Никто не проронил ни слова, когда они ковыляли вперед, ступая по трупам. Если у охотников и имелось когда-то любопытство, то жизнь давно уже выбила его, и страх стал их привычным спутником.
Они взбирались по ступенькам, которые попадались на пути, шли по руинам старинных увеселительных дворцов. Все те же мотивы и архитектурные изыски, то же невообразимое изобилие изображений, которое потрясло их в подземных галереях. Но оказавшись под открытым небом, когда развалились стены и рухнули потолки, эти фигуры почему-то выглядели скорбно и жалко. Искусство расы, которая потеряла разум, оттого что слишком пристально вглядывалась внутрь себя.
Когда они достигли края кратера, все изменилось так резко, таким разительным оказался контраст с погребенными в глубине горы пещерами, что многим захотелось схватиться хотя бы за лед или камень. Перед ними открывалась хаотичная громада Оствайских гор, сурово всматривающихся в морозный свет высокого неба, — огромные заснеженные пики, уходящие за горизонт. Бескрайние пространства головокружительными высотами и пропастями окружили их со всех сторон, заставляя трепетать все внутри. В первые мгновения людям, родившимся заново, вынести это зрелище было выше их сил.

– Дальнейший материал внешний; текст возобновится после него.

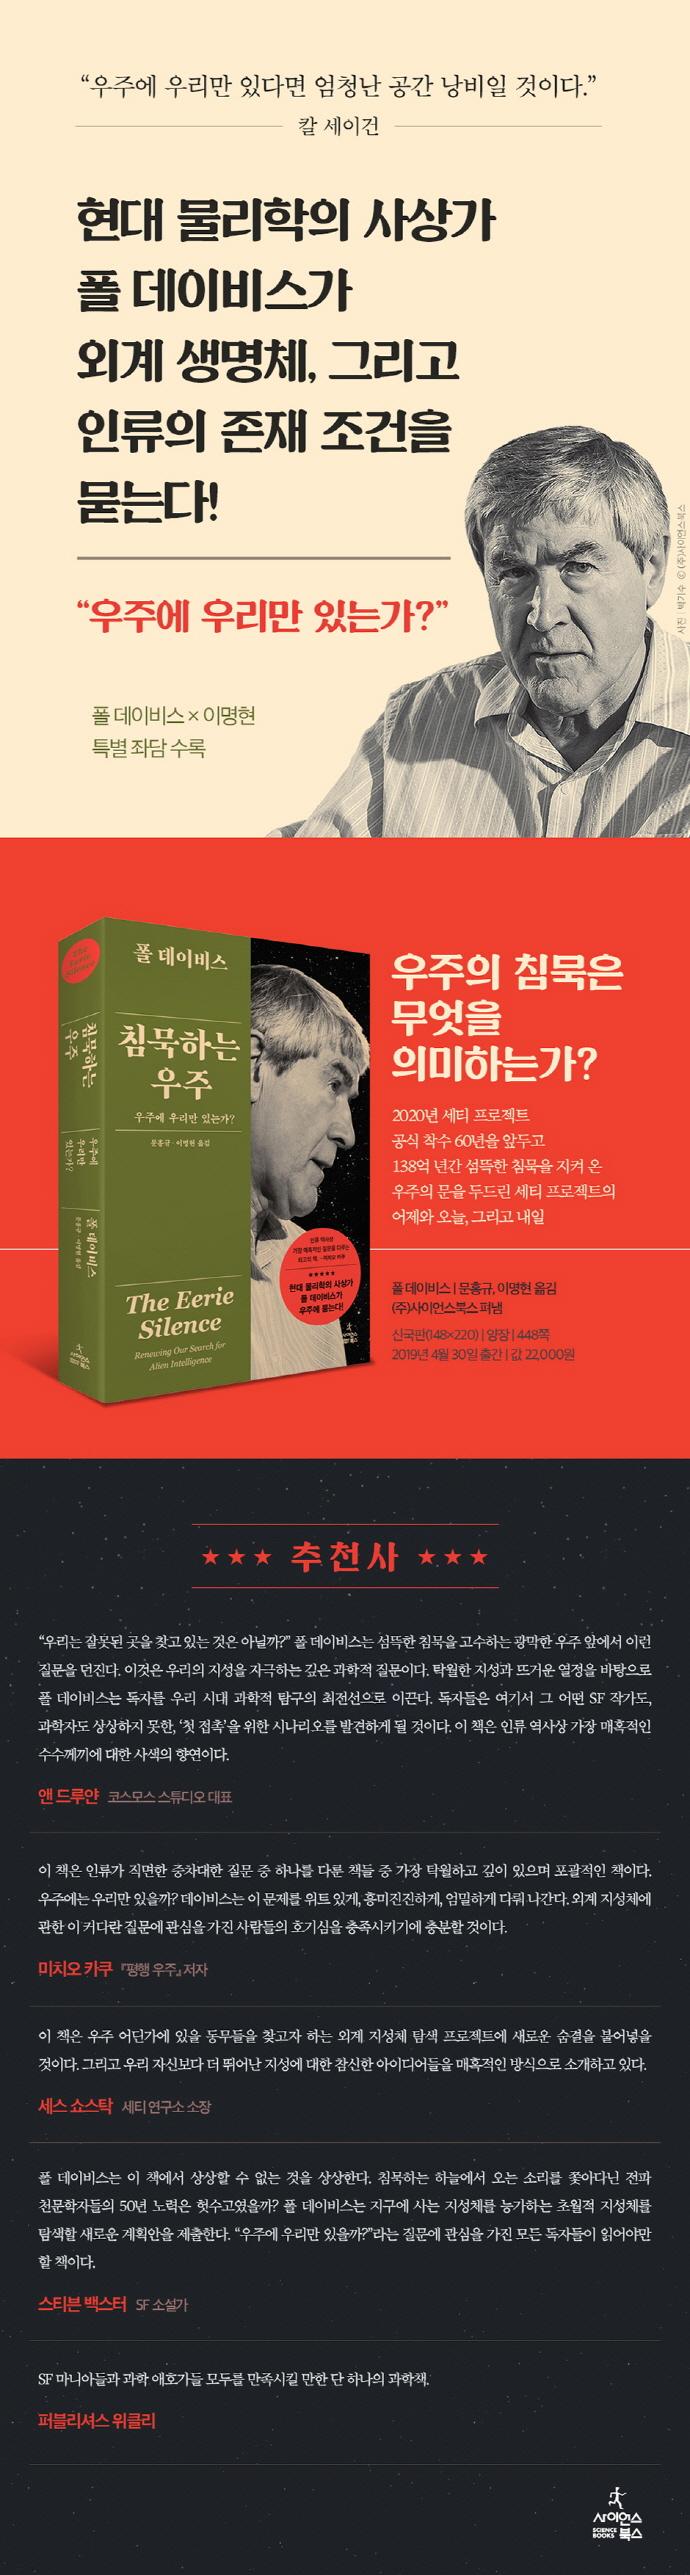 침묵하는 우주(양장본 HardCover) 도서 상세이미지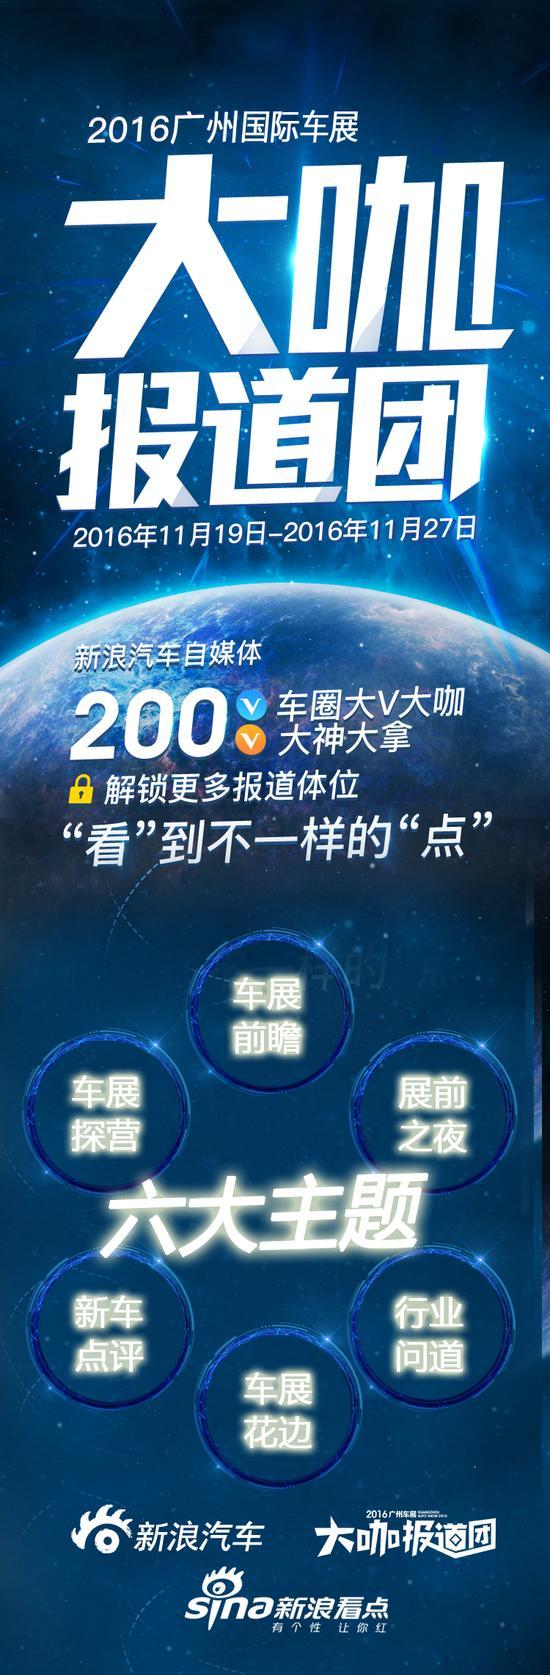 广州国际车展来临 你能做点什么?

Но останавливаться надолго никто не собирался. Как ни старайся, вдохнуть полной грудью не получалось. Несмотря на тепло, льющееся от Хуритического Кольца, кожа у всех покраснела, а губы приобрели синий оттенок.
И мучил голод.
Но как только они собрались спускаться, Сома вскрикнул, указывая назад, туда, откуда они пришли, на руины, обступившие края Великой Срединной Оси. Ахкеймион подошел к остальным, всматриваясь вдаль, но старческие глаза могли разобрать только черную точку, движущуюся по заснеженной стальной поверхности замерзшего озера. Одинокую фигуру, пробиравшуюся по снегу вслед за ними…
Молчание прервала Мимара.
— Клирик, — сказала она.
Интерлюдия: Момемн
Ветер доносил звуки мятежа. Где-то на далеких улицах шумели беспорядки.
Кельмомас стоял, положив подбородок на перила балкона, и глядел, как над Имперскими пределами через поток лунного света торжественно шествуют облака. Сама луна стояла так низко над горизонтом, что ее видно не было. Мягкая синева, усеянная звездами, затянула небесный свод, сгущаясь до черноты с изнанки облаков.

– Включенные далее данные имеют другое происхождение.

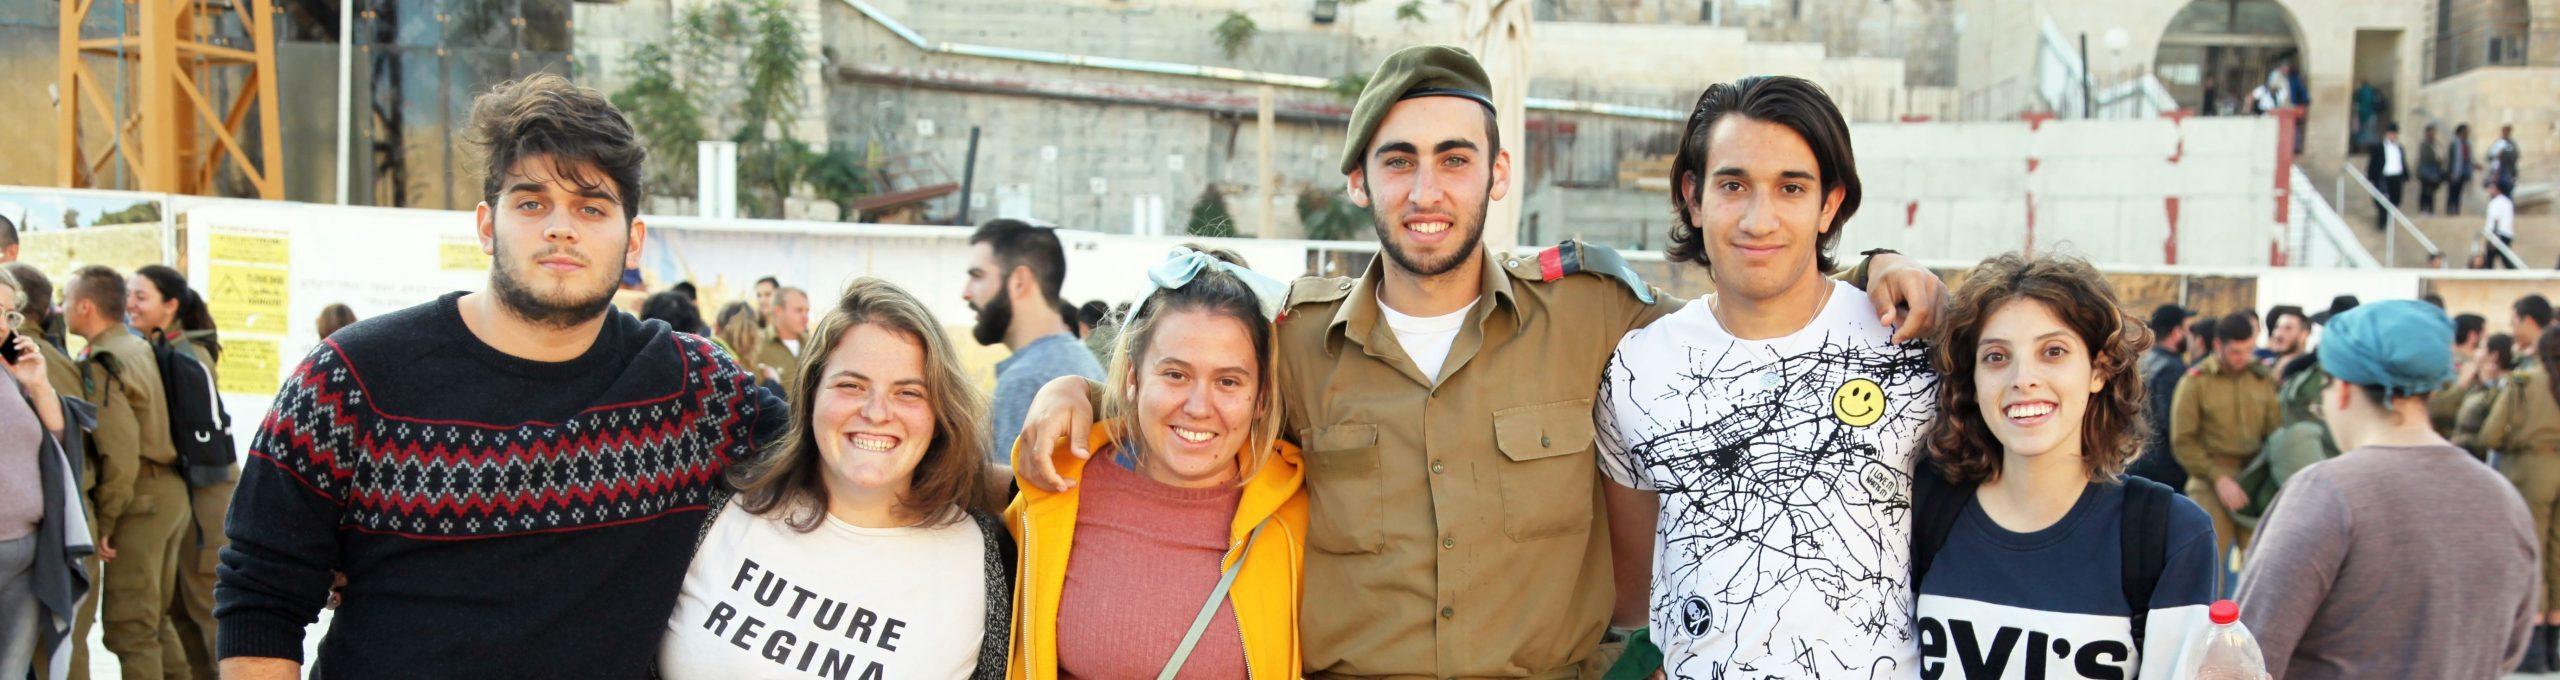 Israel Programs - Aardvark Israel

Белый Гвоздь Неба ярко светил на землю с проплывающего над головой зенита. Далекий хор пронзительных вскриков и глухого рева предвещал вторжение очередной грубой толпы, освещенной факелами.
Кельмомас не мог выразить ликования. Дыхание было спокойным и глубоким. Устойчивым. Важна устойчивость посреди всеобщего столкновения. Невозмутимость души, выглядывающей наружу из тайного центра мира. Неподвижный движитель.
Незримый властитель.
По небу разносилась многоголосая песнь неповиновения, распадаясь на отдельные крики ярости, страха, смятения. Волнение сотен стычек. Лязг оружия.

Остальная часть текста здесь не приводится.